Professor Lewis Baldwin

Many labels were attached to [Dr. King] during his lifetime. He was called a civil rights activist; he was called a social activist, a social change agent, a world figure. But I think he thought of himself first and foremost as a preacher, as a Christian pastor.

Dr. King grew up in a family of pastors. His father was a pastor. His grandfather had been a pastor. His great-grandfather had been a pastor, and several of his uncles were preachers and pastors. I think it was very much a part of his religious background. He was brought up in the Baptist church in the South, Southern black Baptist Protestantism, and of course he maintained his roots throughout his life. Coming out of that religious background — a family of preachers, of pastors, women known for their piety and devotion to the church — provided him with what he needed in terms of resources, tradition, insight, to become the kind of preacher and pastor he ultimately became.

In 1954, he was writing his dissertation at Boston University, and he received an appointment at Dexter Avenue Baptist Church in Montgomery, Alabama. So he went down in 1954 and assumed a pastor role there. He was at Dexter Avenue from 1954 to December 31, 1959. He was working at the congregational level, and I think he always valued the role of pastor at the congregational level because it put him in touch in a very personal way with people. He understood that if one wanted to be a social change agent in the black community, if one wanted to be involved in changing the system for the better, one had to maintain a pastoral role in the black church. And, of course, that’s why he maintained that pastoral role, even as he got involved in the broader arena of society through the civil rights movement. He understood the role of pastor at the congregational level. He always felt, however, that he didn’t have the time to serve that role sufficiently within a local congregational context.
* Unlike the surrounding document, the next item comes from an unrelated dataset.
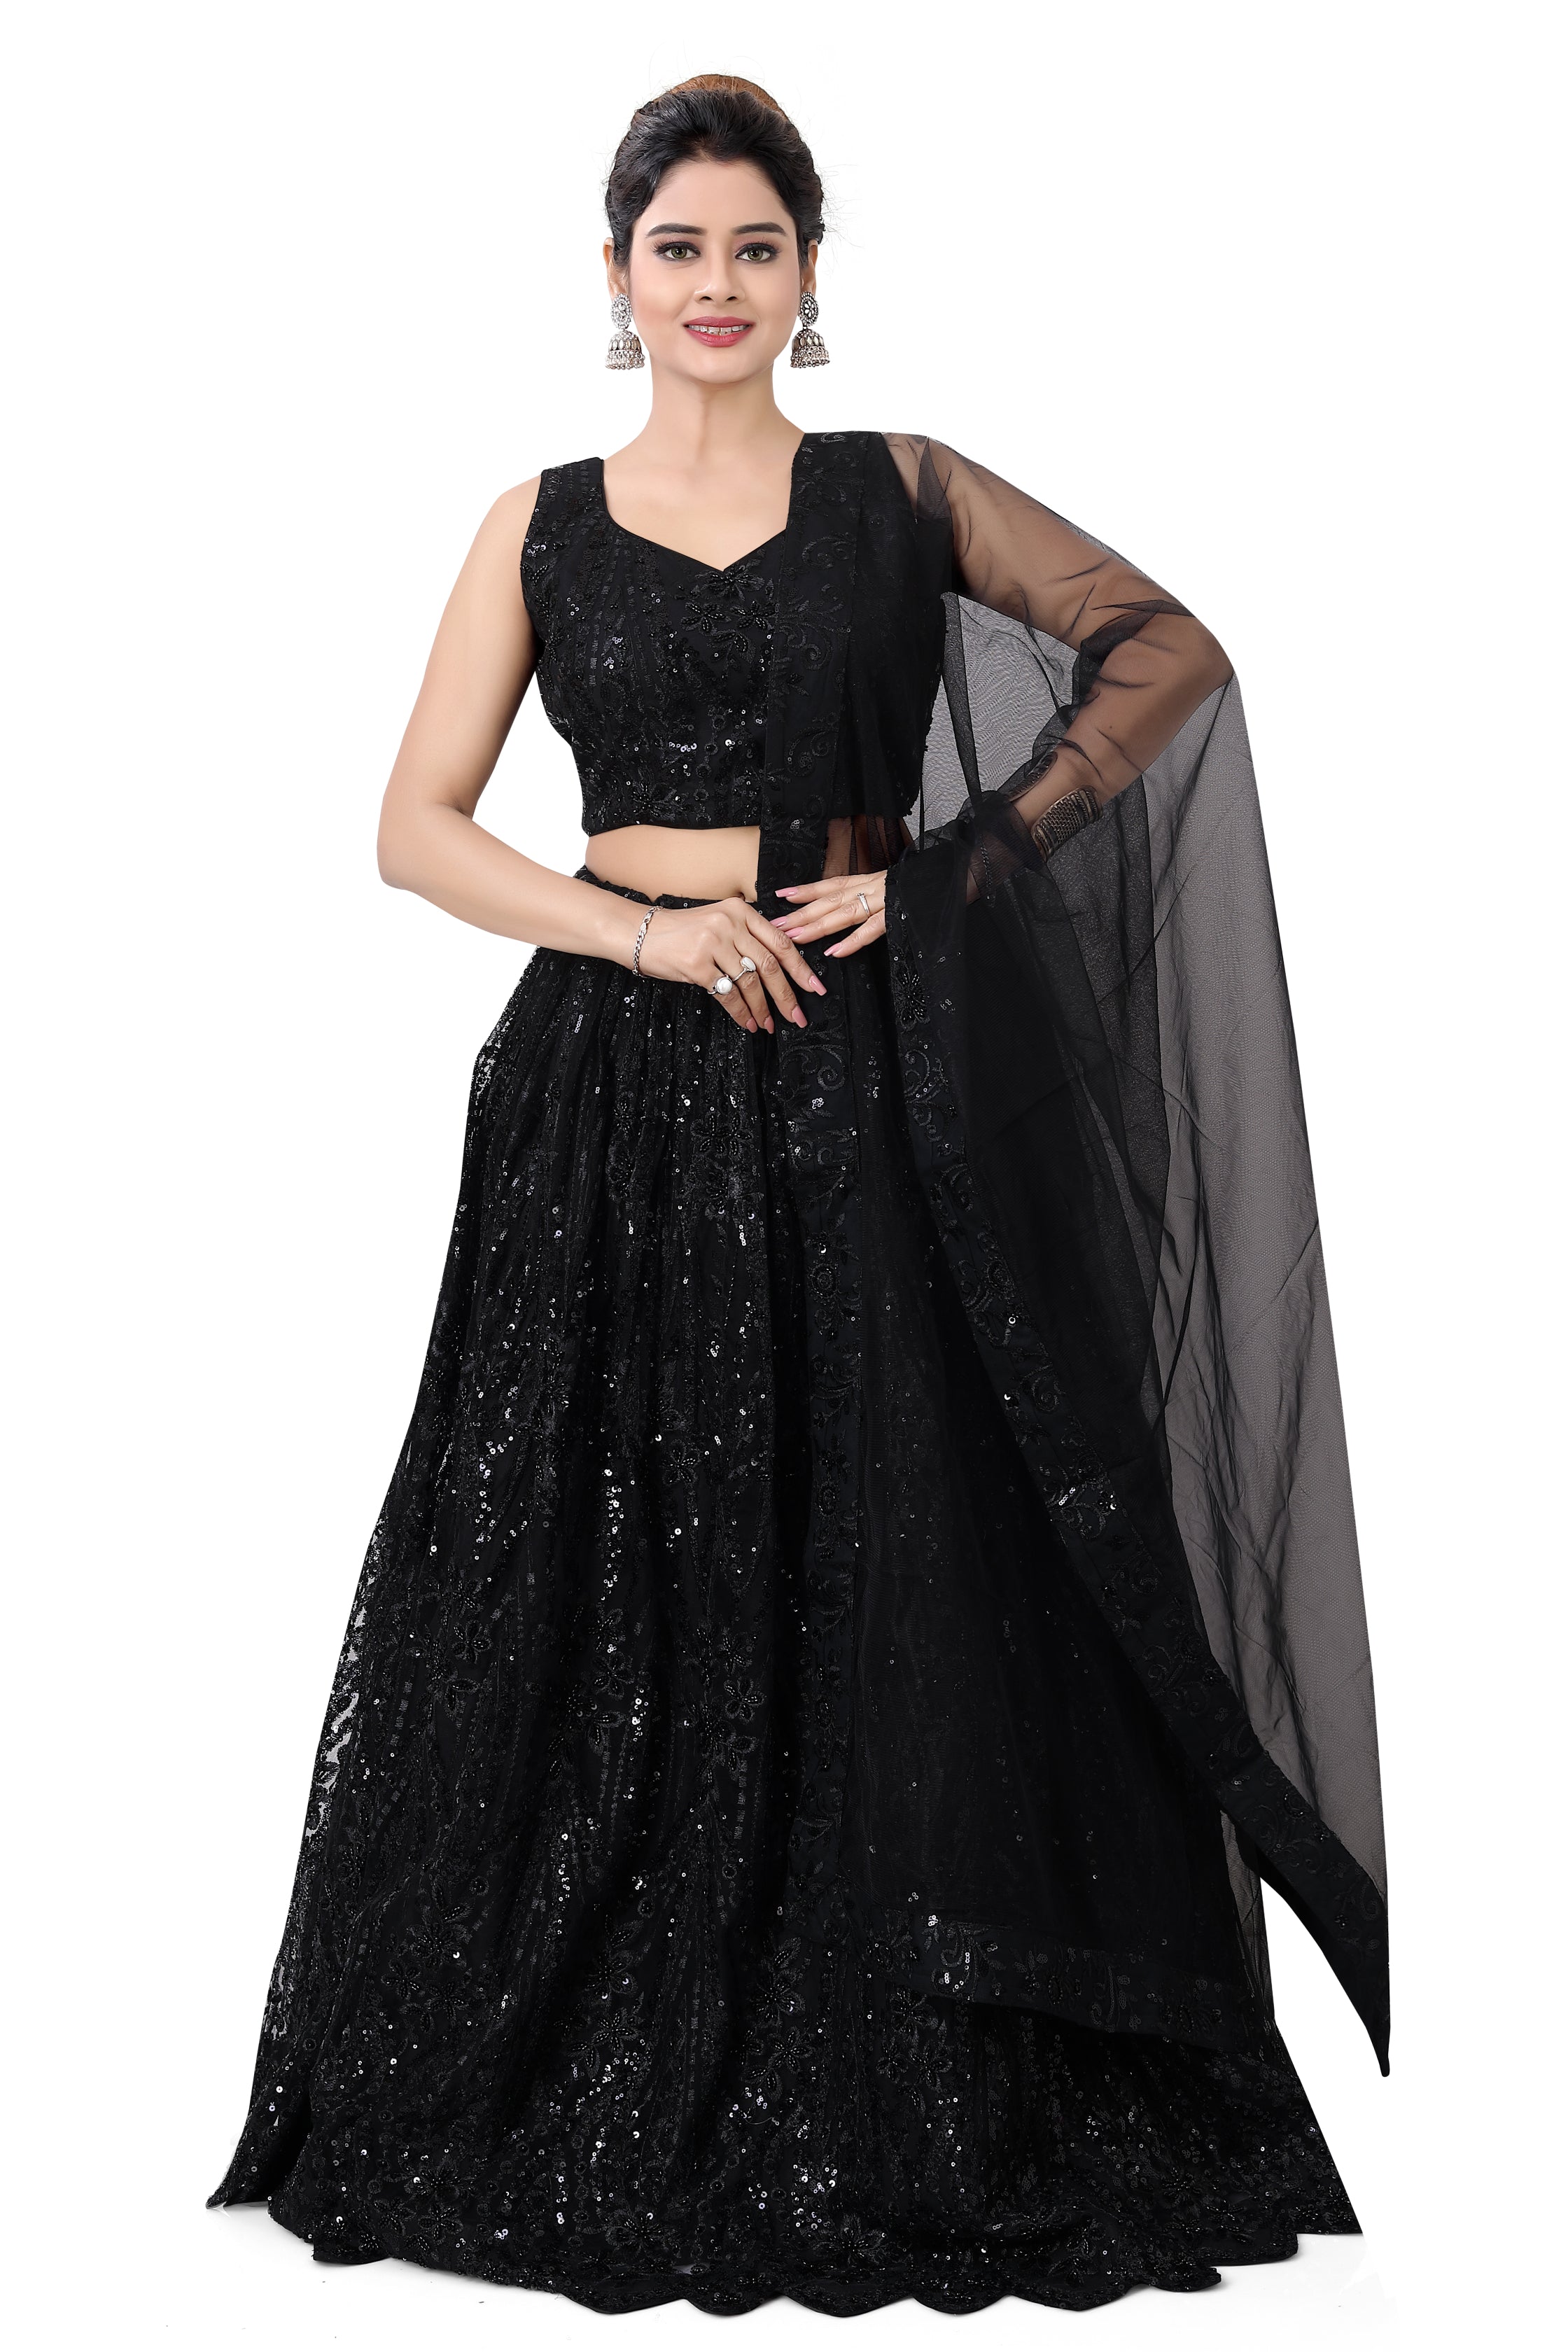 Black Net Lehenga Choli - Premium Partywear Lehenga from Dulhan Exclusives - Just $250! Shop now at Dulhan Exclusives

He was always a great preacher. He always spoke of this interrelationship between the preaching role and the pastoral role and the priestly role and the prophetic role. He saw an essential interdependence, an interrelatedness between these four roles. He was always known for his oratorical skills, his skills of communication, so he excelled, I think, in the preaching area. He often did not have sufficient time to engage in counseling, to do funerals and weddings, to do the kind of administrative work that comes naturally with the pastoral role. He often did not have sufficient time to cover those areas, but in the preaching area he excelled. Also in the priestly area, I think. He always was available to affirm people, to reaffirm people within the context of the movement, people who had been hurt, people who had been brutalized, so I think he brought that priestly role in as well and also the prophetic role, because he took a critical approach to life. He spoke to the need to improve our culture, to improve our racial practices, to eliminate problems of racism, poverty, economic injustice, violence. All of that was a part of his pastoral role. In fact, he saw his civil rights activities as an extension of his pastoral role.
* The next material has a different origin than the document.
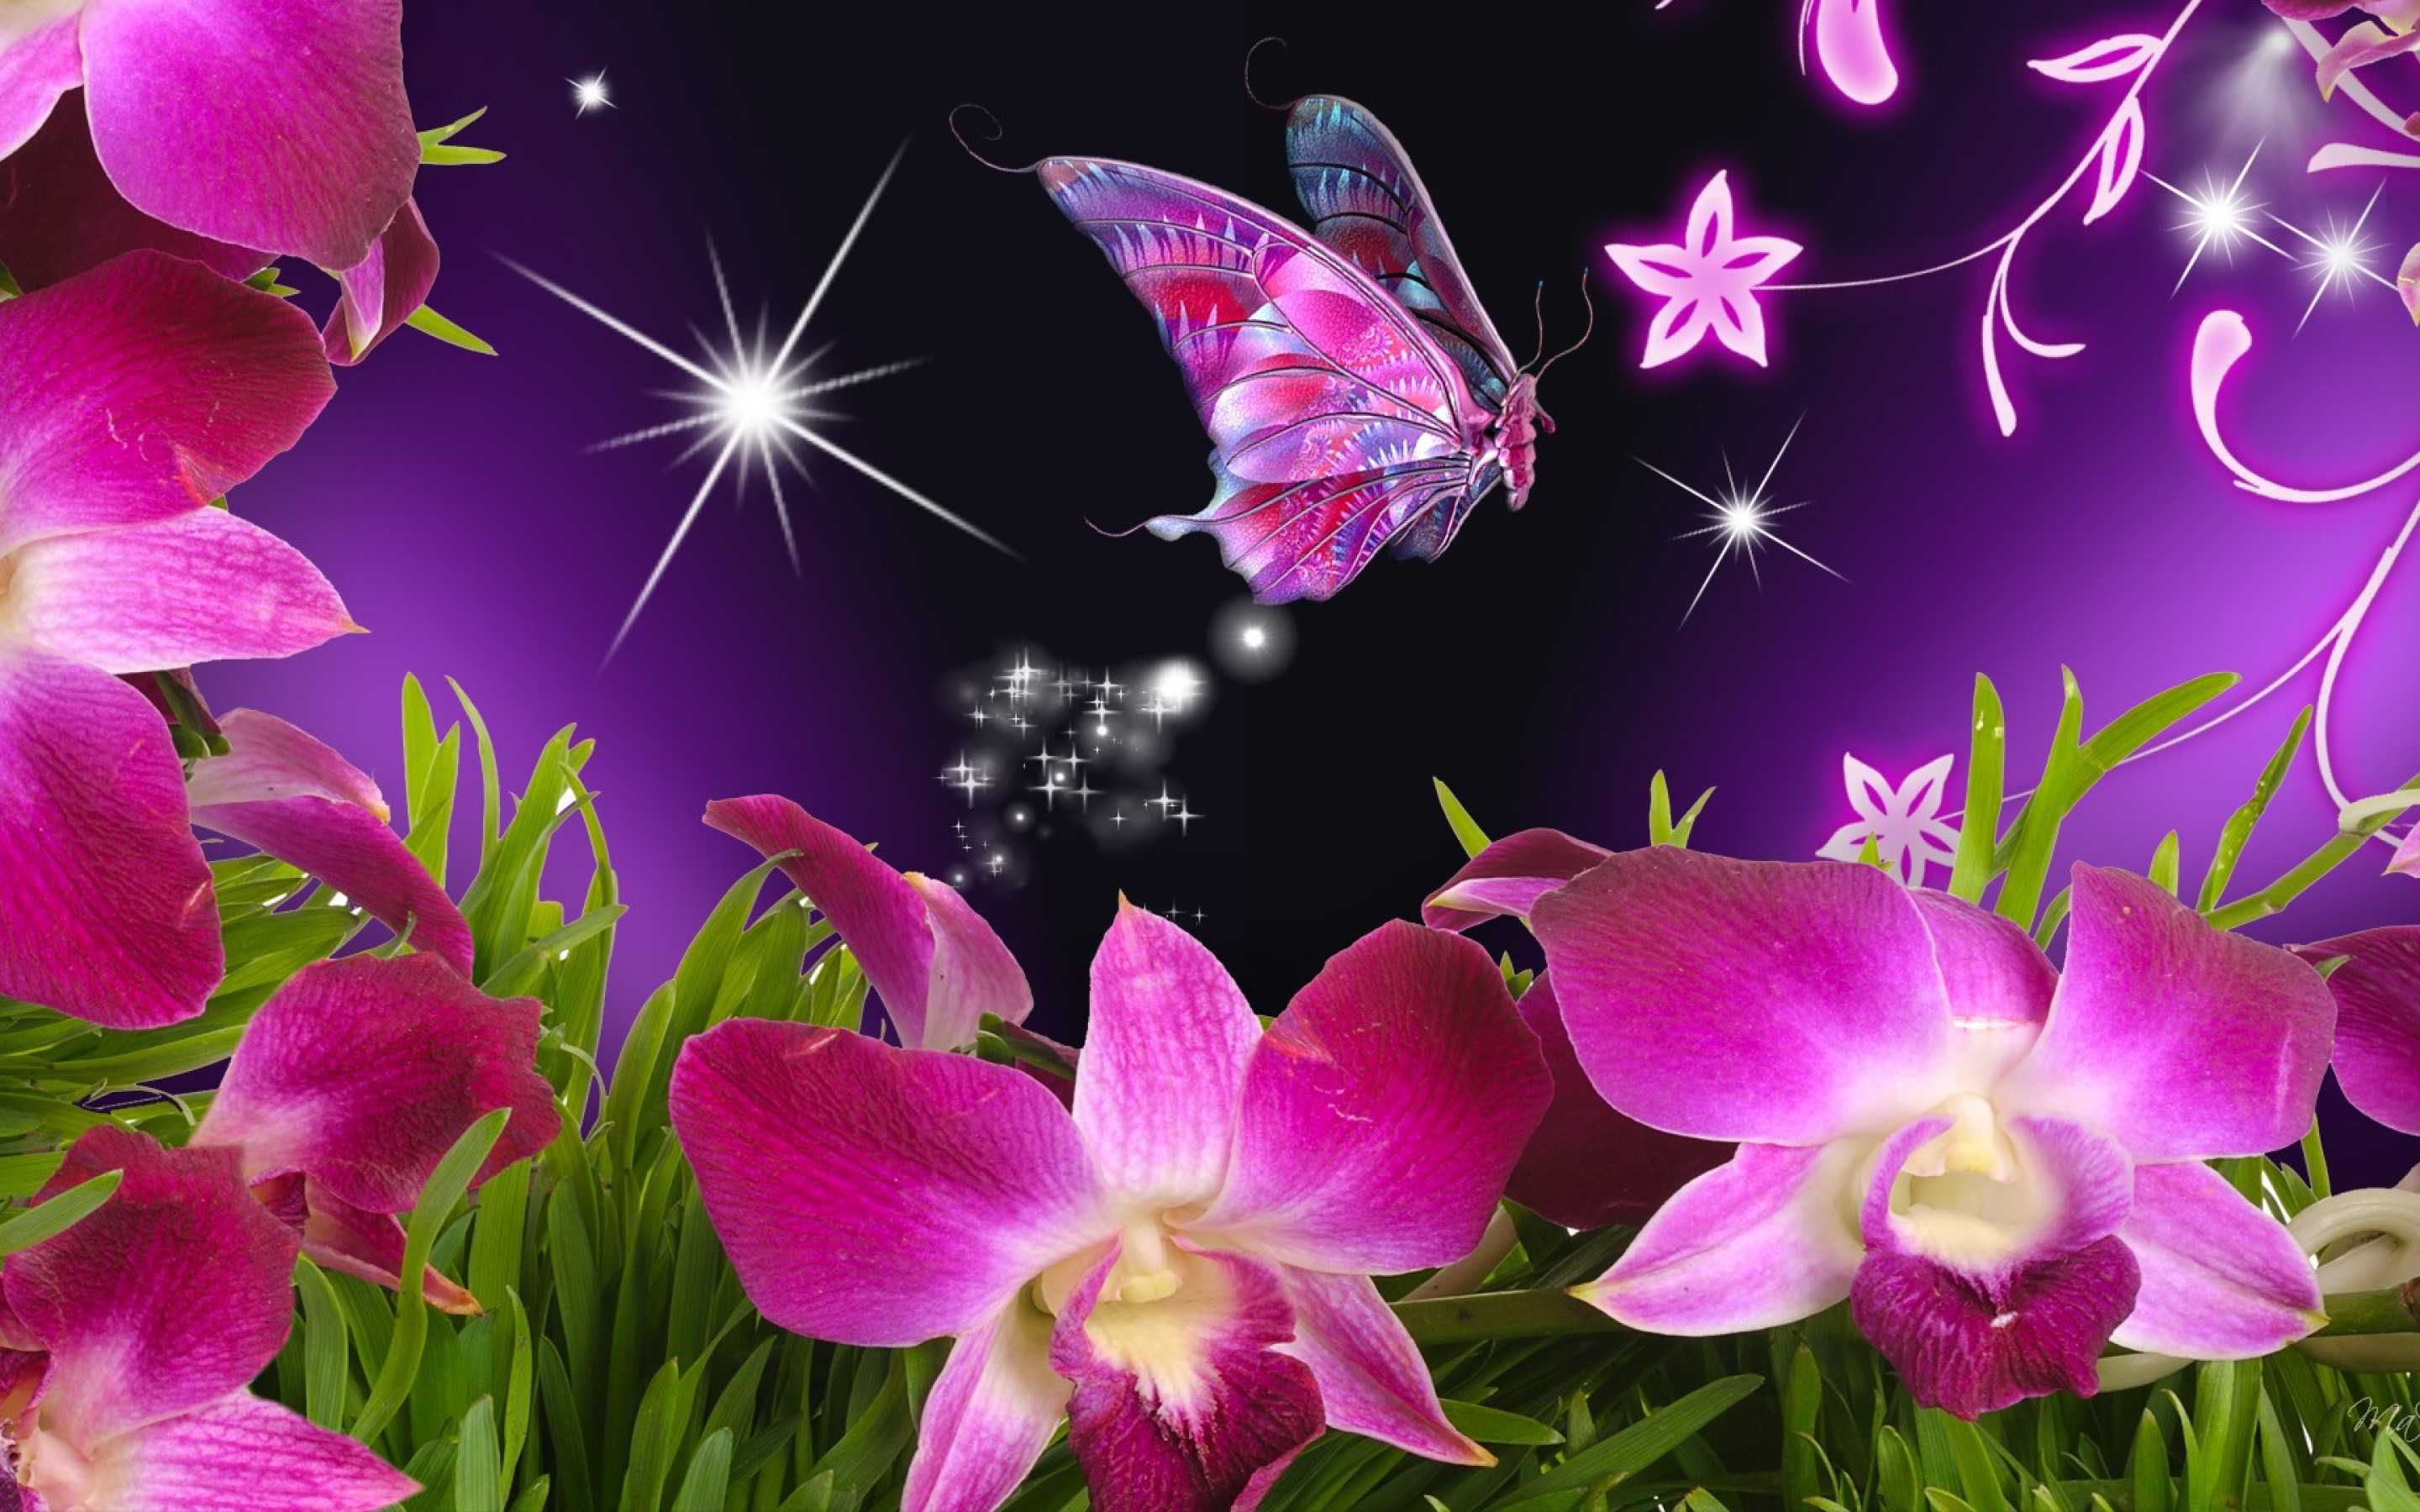 3D Flower Wallpaper For Mobile Desktop HD Image Pc Natural With

There’s a tendency in our culture for people to separate those roles. When people think of a pastor, they think of a person who simply has supervision over a local congregation. A civil rights activist or a social activist is something quite different, a person who is involved in the broader arena of society, trying to bring about social, economic, and political change. Dr. King did not make that distinction. Being a pastor, for him, was being a civil rights leader. Being a pastor was being a social activist or social change agent, and being a pastor for him also meant speaking out on issues that impacted the global community or the entire world. Issues of war and peace, economic injustice — this is how he viewed his role as pastor. It involved not only the preaching aspect but also the prophetic and priestly dimensions.

The pastor role was central to virtually everything that Dr. King achieved or sought to achieve in the church and in society as a whole. Not only was he a pastor at the local level, preaching to people, responding to the needs of people; he was also a pastor to the nation, because he was very interested in the soul of the nation, determined to redeem the soul of the nation. So in a very real sense he was not only a pastor at the congregational level but an American pastor who was deeply, deeply concerned about redeeming the soul of America. I don’t think Dr. King saw any tension between those two roles. He was often approached by people who saw a tension there, but for him the roles are clearly interdependent and interrelated. They inform each other.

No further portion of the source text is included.